Everything is going to shit atm


----------



## skypod (Nov 13, 2014)

zrc said:


> I say the English should have a referendum on if we even want Scotland!


If Scotland was of no value, why do the media attack Nicola Sturgeon and the idea of Independence? Clearly there's a gain for England in this.


----------



## zrc (Nov 14, 2011)

^^^ Dunno and don't care to be honest. They're all full of shit anyways (MPs)


----------



## BigDaveBatista (Aug 23, 2015)

and they still have the cheek to say the brexit vote was illinformed 
let them leave, no currency, no easy path into the eu, an eu that's failing anyway and will officially fall apart when a la pen lead France drops the euro


----------



## BRITLAND (Jun 17, 2012)

zrc said:


> I say the English should have a referendum on if we even want Scotland!
> 
> Sent from my 4009X using Tapatalk





zrc said:


> ^^^ Dunno and don't care to be honest. They're all full of shit anyways (MPs)





BigDaveBatista said:


> and they still have the cheek to say the brexit vote was illinformed
> let them leave, no currency, no easy path into the eu, an eu that's failing anyway and will officially fall apart when a la pen lead France drops the euro


But what do you do if millions of Pro-Unionist/Pro-Brexit Scots move to England? Over a million Scots did vote for Brexit despite what the SNP tells you! :jericho2

Build a wall and have Nicola pay for it? :trump


----------



## RVP_The_Gunner (Mar 19, 2012)

Ah good old Nicola Sturgeon who doesn't respect the WILL of the MAJORITY of the Scottish People.

She uses Brexit as an agenda to force another vote which she and Salmond agreed would be ONCE IN A GENERATION despite the fact that if Scotland voted for Independence they wouldn't be in the EU anyway and couldn't be for at least 5 years, this was all covered last time.

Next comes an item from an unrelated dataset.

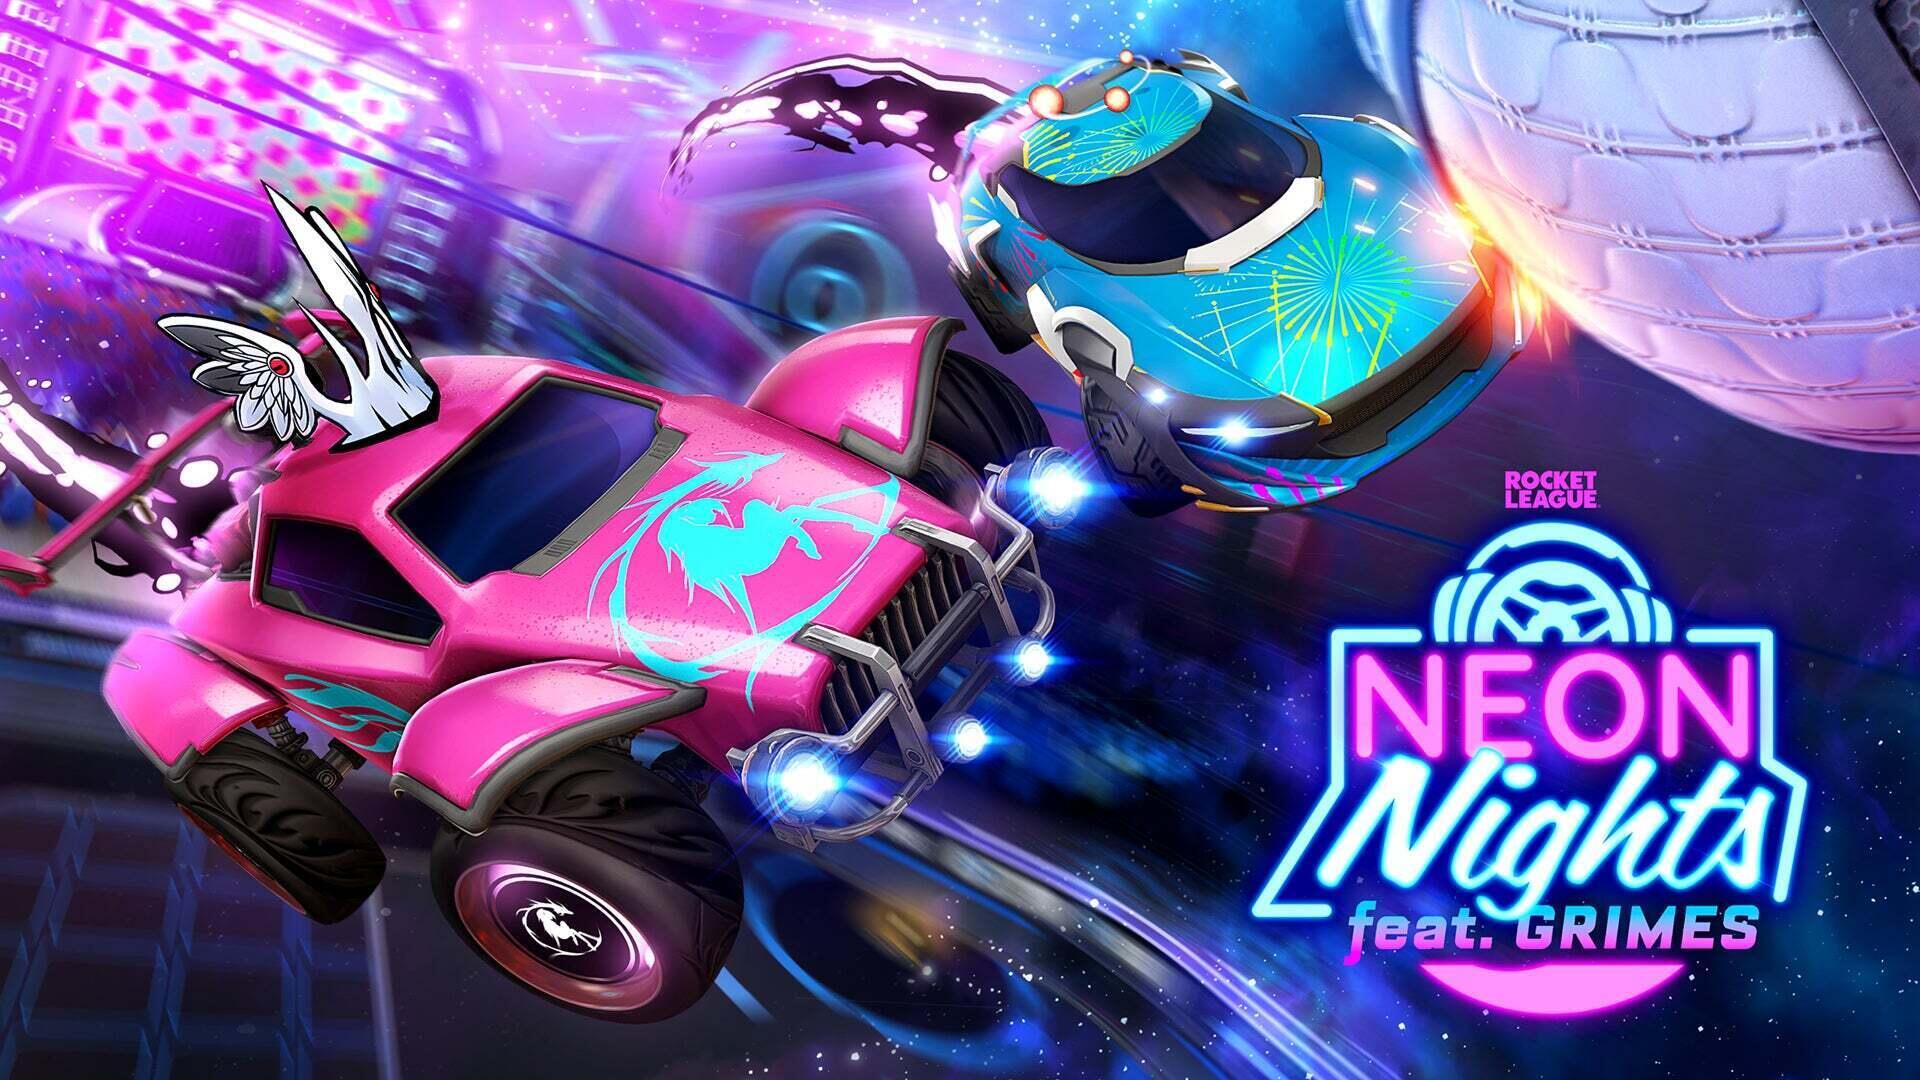 Neon Nights celebra a música do Rocket League Image

Sturgeon only cares about her name being associated in years to come with Independence. She wants to go down in history like William Wallace etc instead of having Scotland's best interests at heart like she should. 

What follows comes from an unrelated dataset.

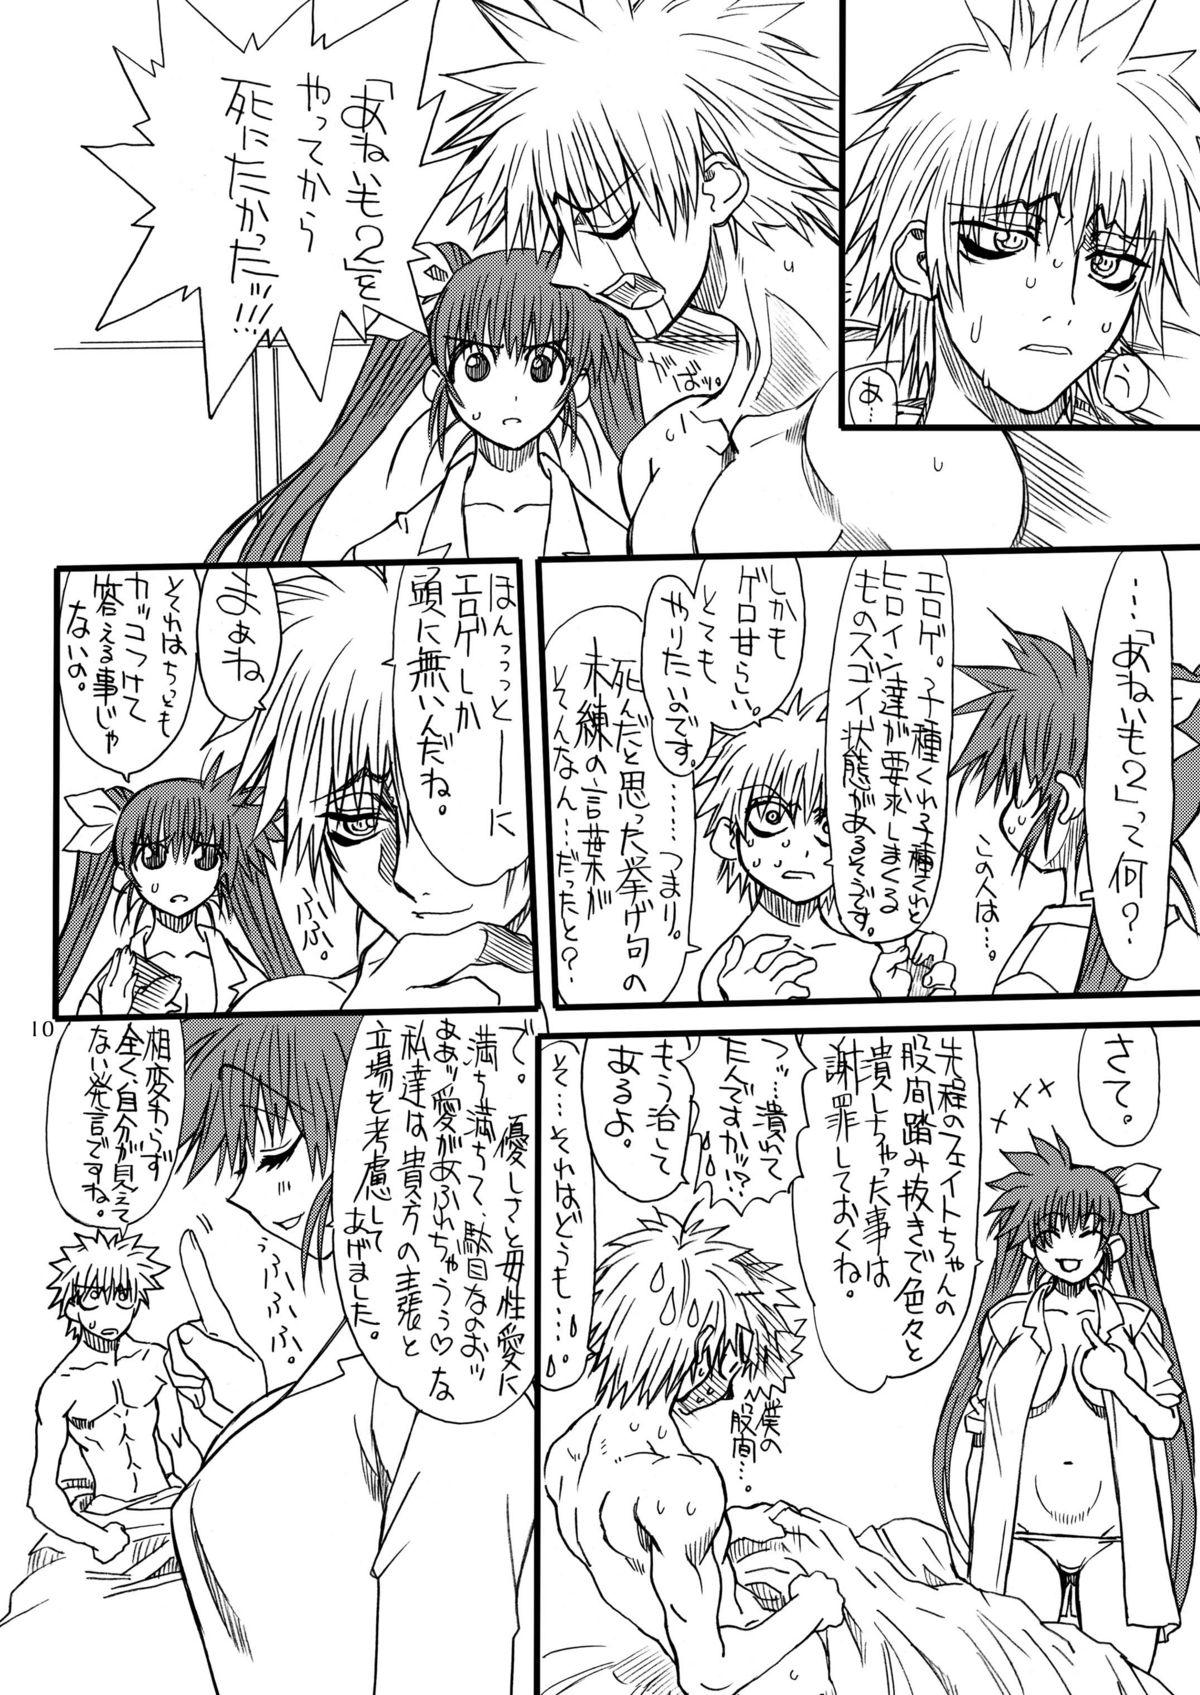 Cartoon Leaf Of Green 4 - Mahou shoujo lyrical nanoha Gostosas - Page 9

All MP's are untrustworthy but she is worse than most.


----------



## whelp (Jun 8, 2015)

RVP_The_Gunner said:


> Ah good old Nicola Sturgeon who doesn't respect the WILL of the MAJORITY of the Scottish People.
> 
> She uses Brexit as an agenda to force another vote which she and Salmond agreed would be ONCE IN A GENERATION despite the fact that if Scotland voted for Independence they wouldn't be in the EU anyway and couldn't be for at least 5 years, this was all covered last time.
> 
> ...


Legs aren't too bad tho?


----------



## Cliffy (Mar 31, 2011)

BRITLAND said:


> But what do you do if millions of Pro-Unionist/Pro-Brexit Scots move to England? Over a million Scots did vote for Brexit despite what the SNP tells you! :jericho2
> 
> Build a wall and have Nicola pay for it? :trump


They'd be more than welcome

I for one would welcome rangers to the premier league with open arms :banderas

Sent from my SM-G930F using Tapatalk


----------



## RVP_The_Gunner (Mar 19, 2012)

whelp said:


> Legs aren't too bad tho?


She is a f*cking mutant. I despise the way she is tearing this country apart.


----------



## Reaper (Sep 4, 2013)

Just how deep is the EU's cancer that some are estimating that it won't be completely cut out for another 6 years. Or are they hoping that people will forget / change their minds by then. 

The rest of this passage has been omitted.